**The problem**
With the images removed, write out every line below exactly.

**Dataset content**
Segment Open

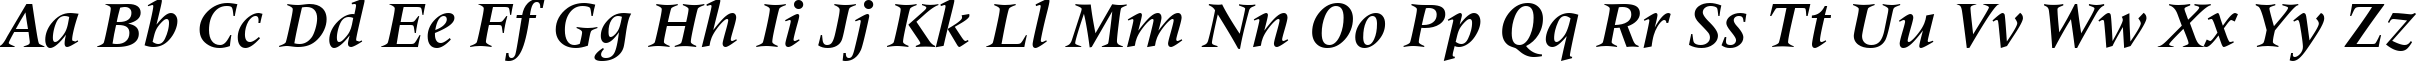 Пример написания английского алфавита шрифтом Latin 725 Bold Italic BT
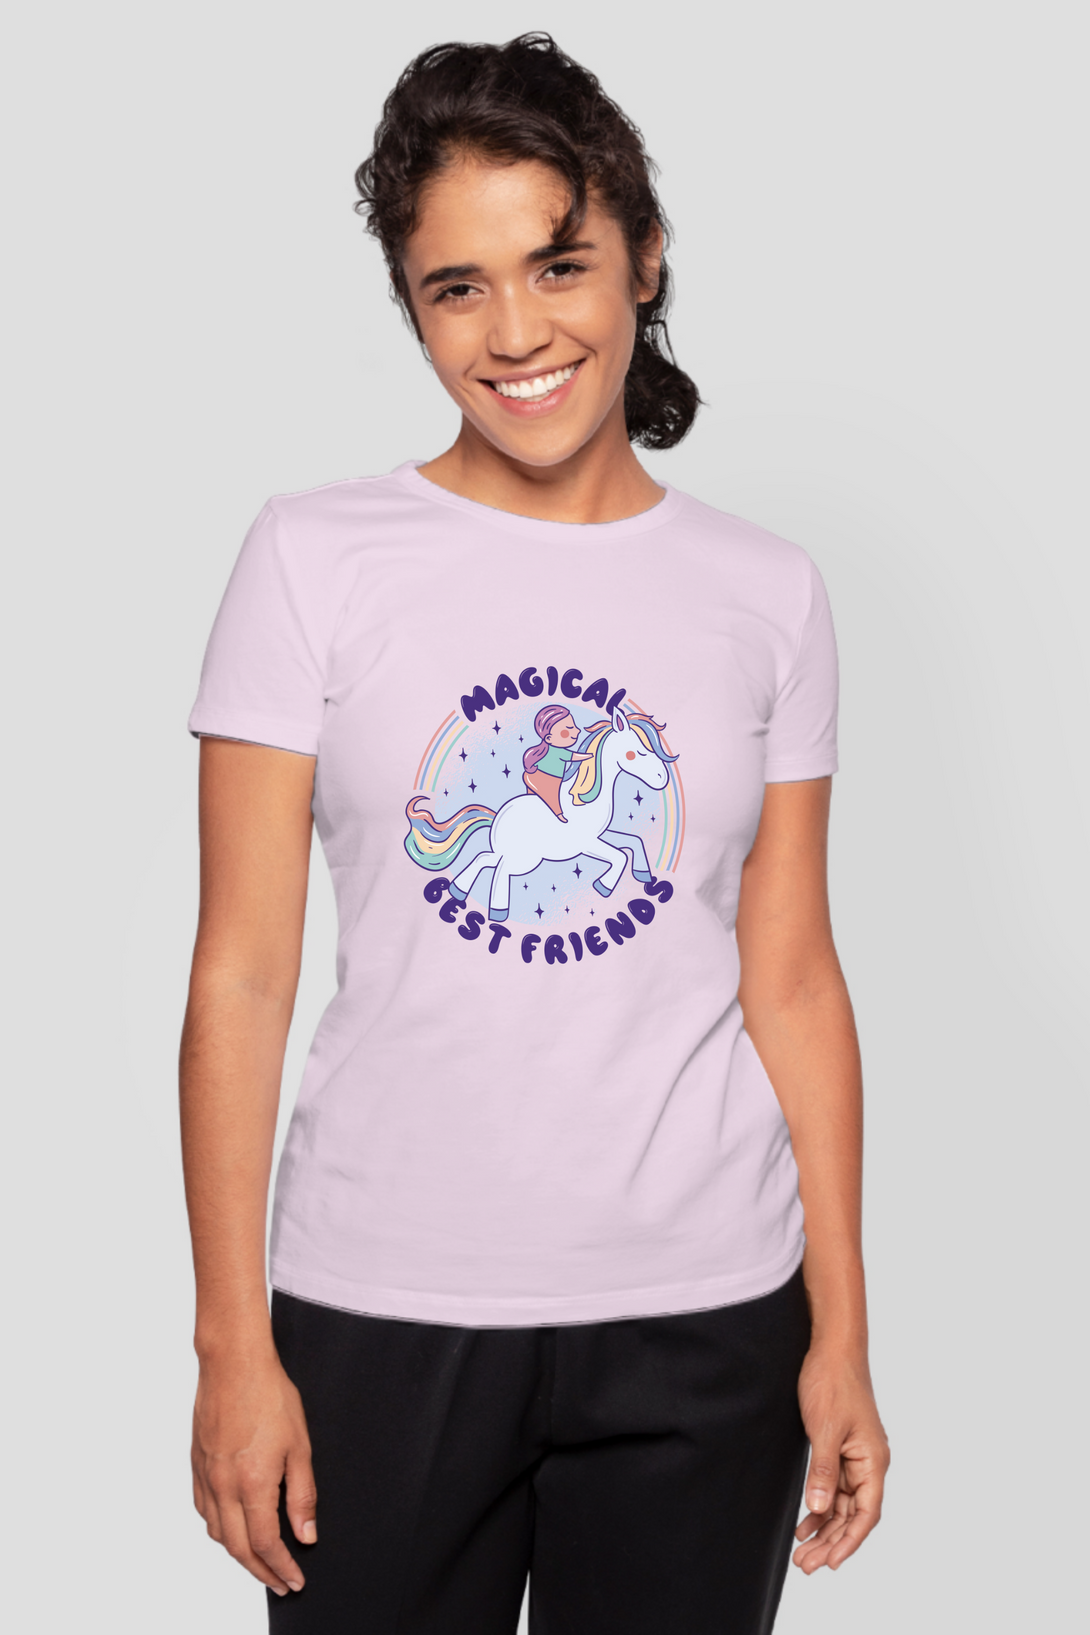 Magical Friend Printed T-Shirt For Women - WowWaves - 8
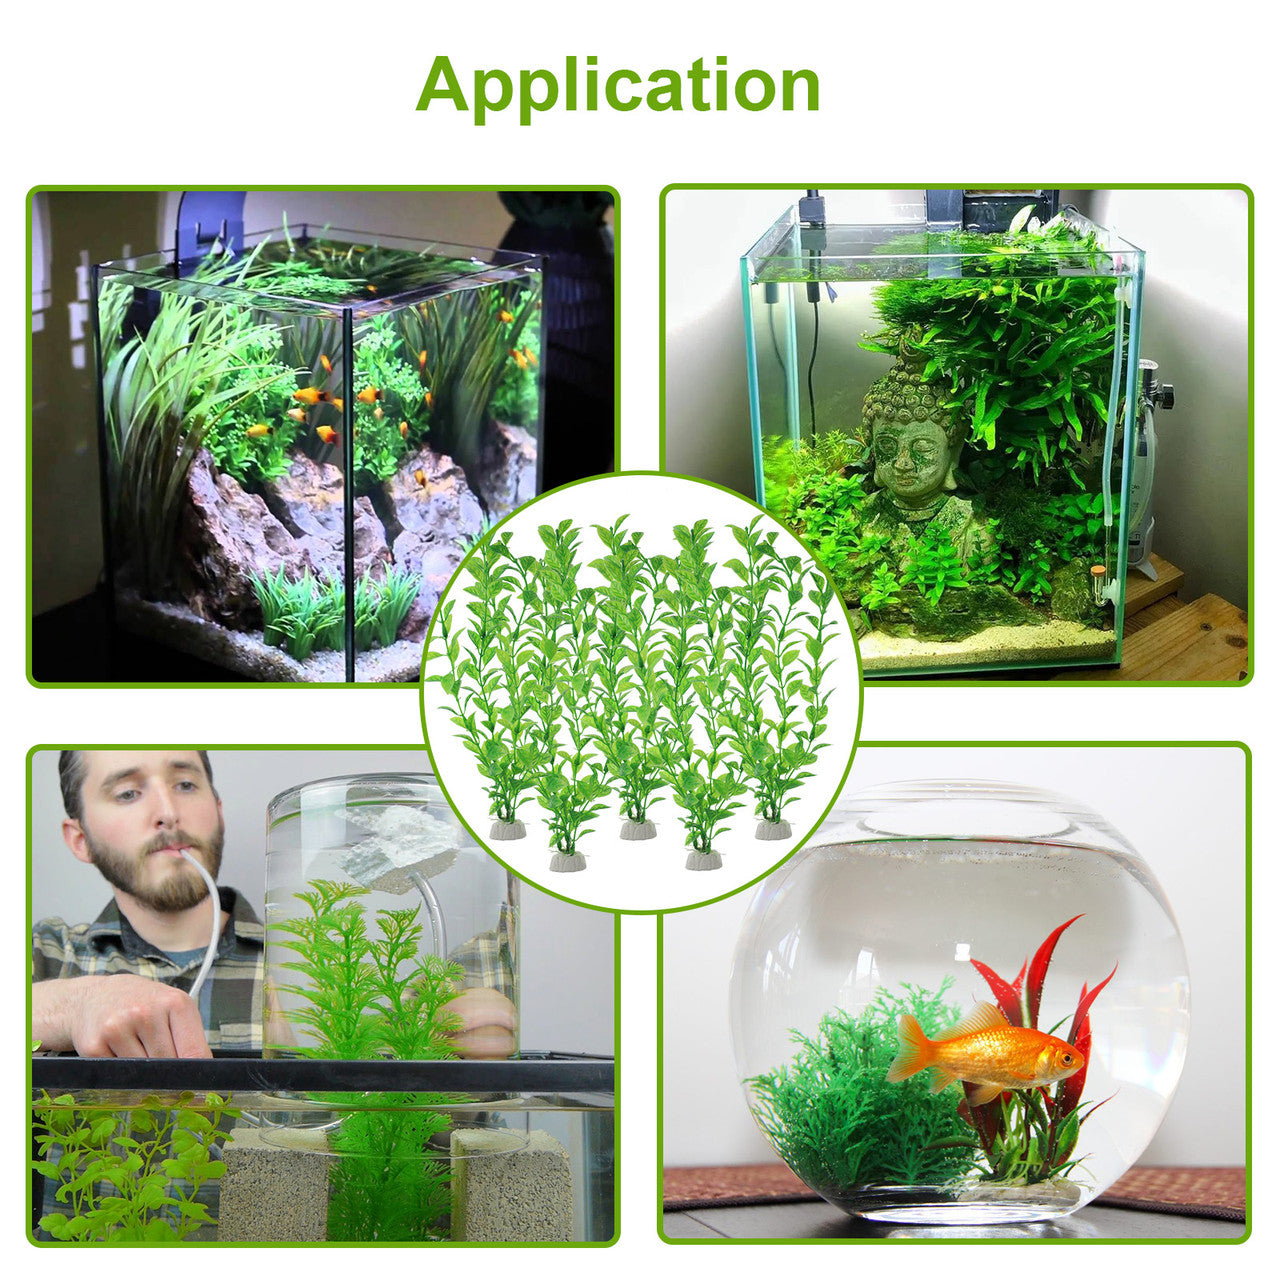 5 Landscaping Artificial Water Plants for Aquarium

Segment Closed

**Task output**
 Пример написания английского алфавита шрифтом Latin 725 Bold Italic BT
 Magical Friend Printed T-Shirt For Women - WowWaves - 8
 5 Landscaping Artificial Water Plants for Aquarium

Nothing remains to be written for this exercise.